Masjid Al Muqarrabin Labala
Menjadi Pusat Penyebaran Islam di Lembata
Labala adalah sebuah desa kecil yang terletak di selatan Pulau Lembata dan tidak banyak diketahui orang. Selain letaknya yang terisolasi, pulau ini juga tidak mempunyai obyek wisata yang menarik. Untuk sampai ke daerah ini, kita harus menempuh perjalanan sekitar tujuh jam dengan perahu motor dari Larantuka, Ibu Kota Kabupaten Flores Timur (Flotim) atau sekitar delapan jam dari kantor Pembantu Bupati Flotim untuk Lembata di Lewoleba.
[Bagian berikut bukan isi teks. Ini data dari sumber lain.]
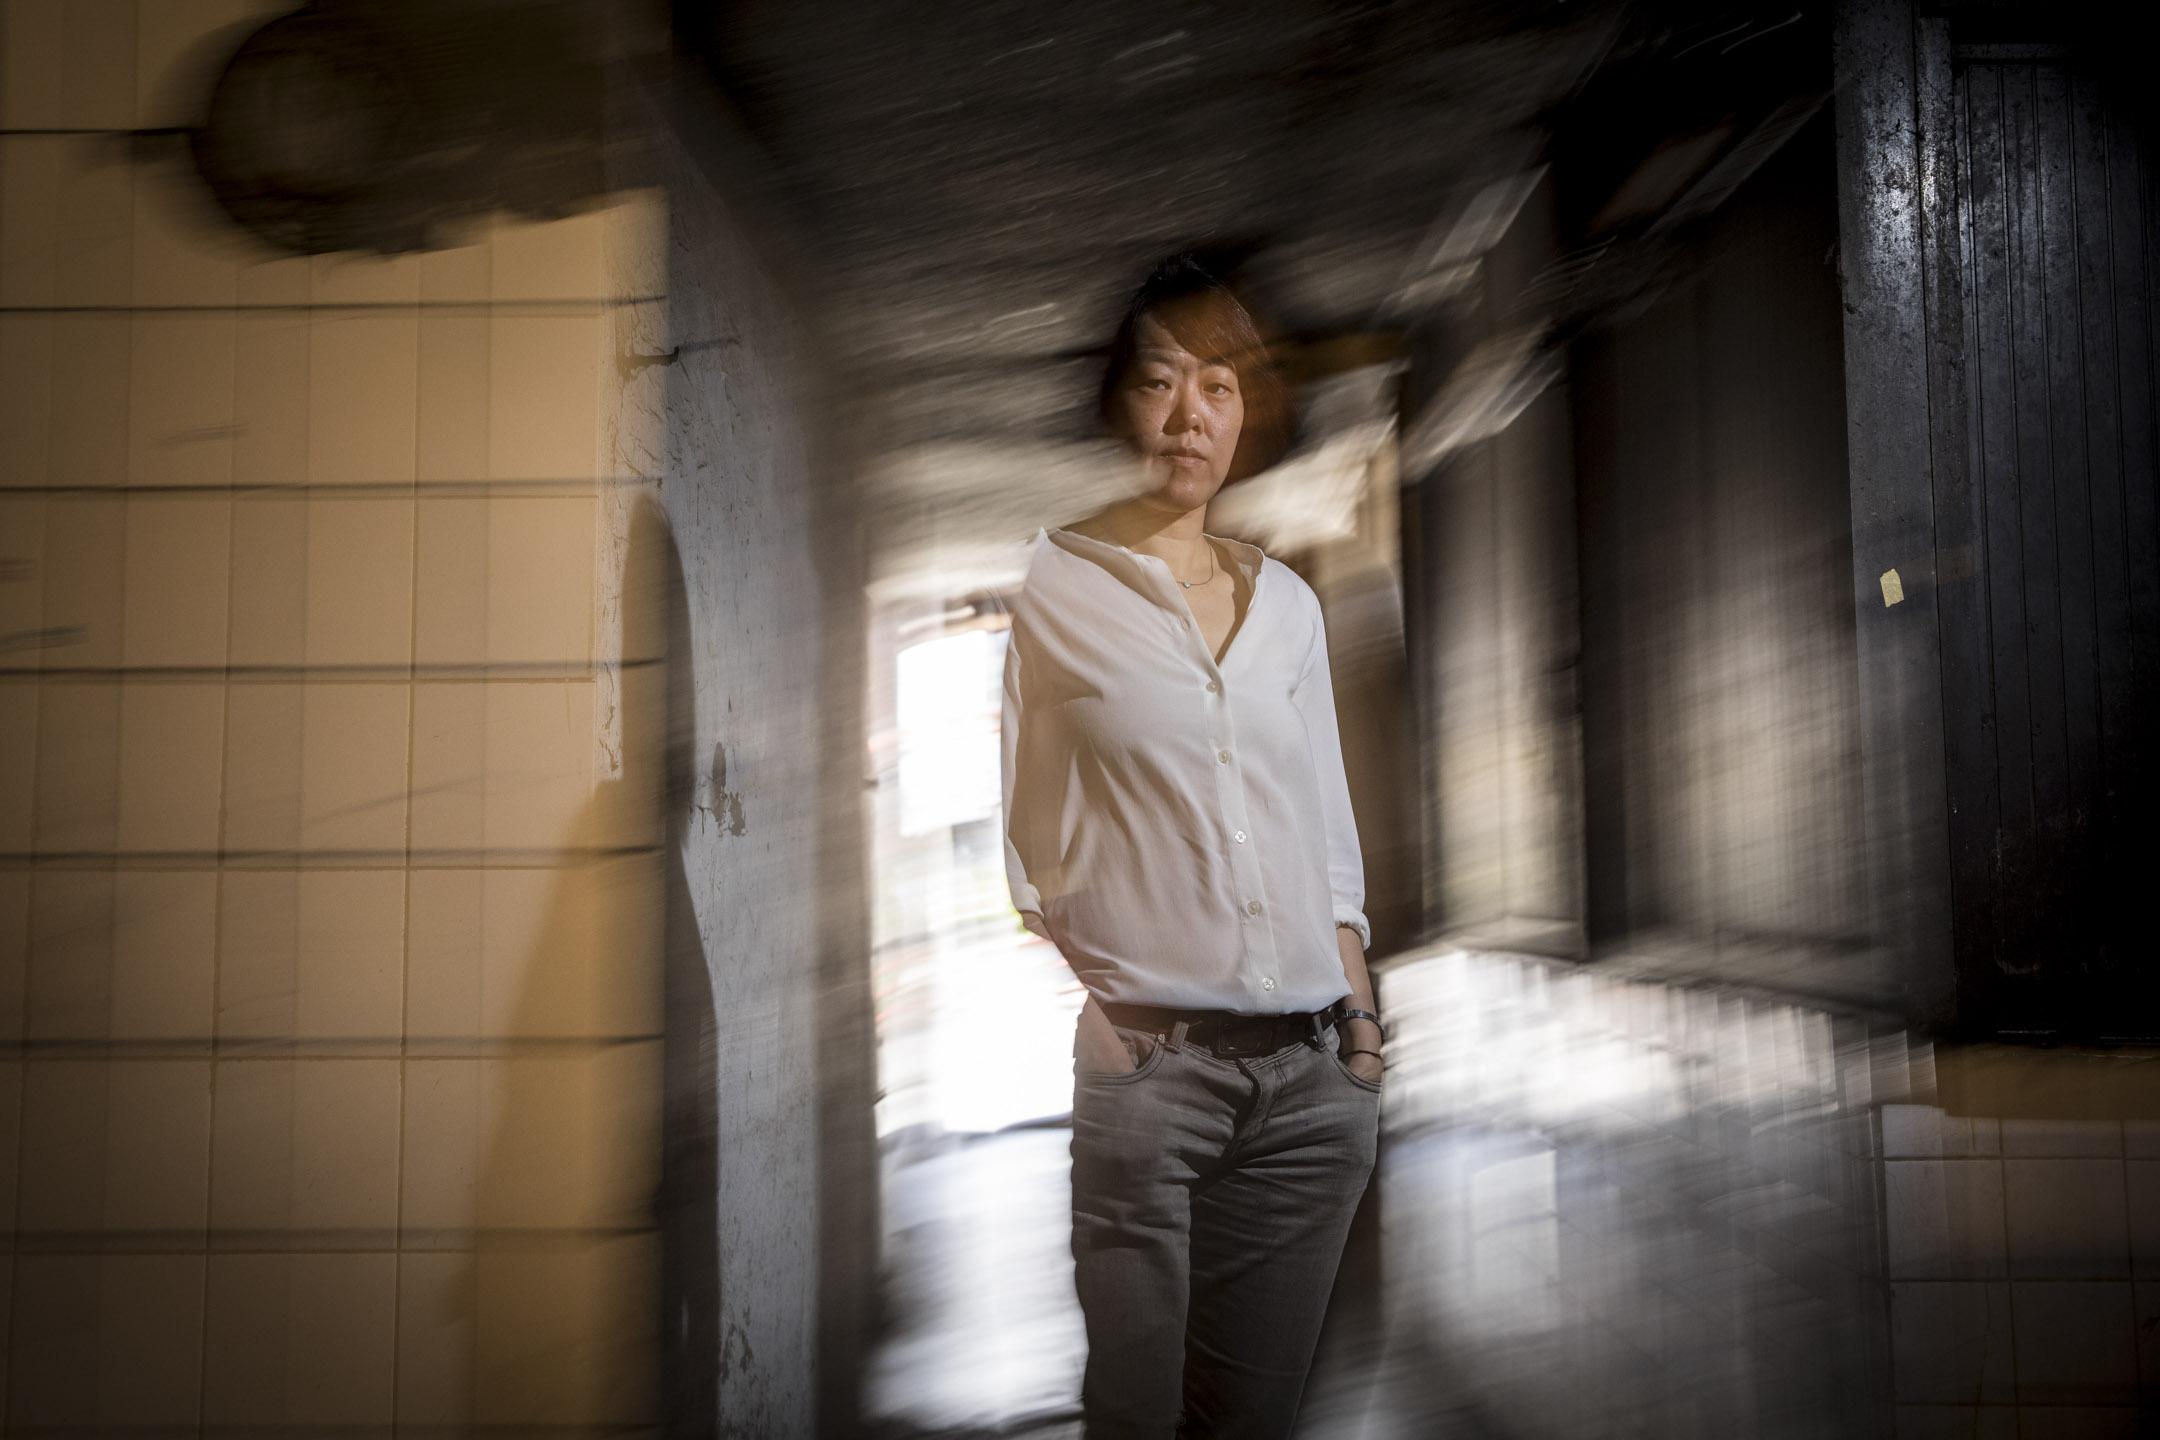 陳芯宜,1974年出生於台灣,導演,畢業於輔仁大學廣告系。2000年,執導個人第一部電影《我叫阿銘啦》,從而開啟導演生涯,該片獲得台北電影節最佳劇情片獎,更憑藉該片獲得台北電影節最佳新導演獎。 攝:張藍/端傳媒

Perahu motor merupakan sarana perhubungan satu-satunya di pantai selatan Lembata ini. Sementara, perhubungan darat belum banyak membantu karena daerahnya berbukit-bukit. Namun, di balik keterasingan ini, Labala menyimpan berbagai kenangan indah masa kejayaan tempo dulu, misalnya sebagai pusat Kerajaan Lembata (Hindu) tempo dulu yang dibuktikan dengan peninggalan berupa prasasti bertuliskan huruf Jawa atau Kawi, yang oleh masyarakat setempat disebut Ata Jawa sebagai kepala pemerintahan, Baliti Hingi kepala bagian kemakmuran. Sedangkan, bagian keamanan disebut Demong Gede.
Prasasti ini lebih populer dengan sebutan Berkah Kerama dan selalu ditempatkan pada yang lebih tinggi dalam rumah adat. Setelah kemerdekaan, Labala menjadi pusat pemerintahan Hamente dan pada masa Orde Baru dengan adanya pemekaran desa, Labala berganti nama menjadi Desa Gaya Baru Leworaja sampai kini.
Membangun Masjid
Masuknya Islam di Labala tidak diketahui secara pasti, namur berdasarkan prasasti di atas mihrab masjid dapat terbaca tulisan Arar Melayu bahwa Masjid Labala didirikan pada tahun 1923 M atas prakarsa Raja Labala dari Dinasti Mayeli, anak dari Raja Baha. Sedangkan, arsiteknya adalah Haji Olong Koli dari Desa Kampung Gorang Lamahala.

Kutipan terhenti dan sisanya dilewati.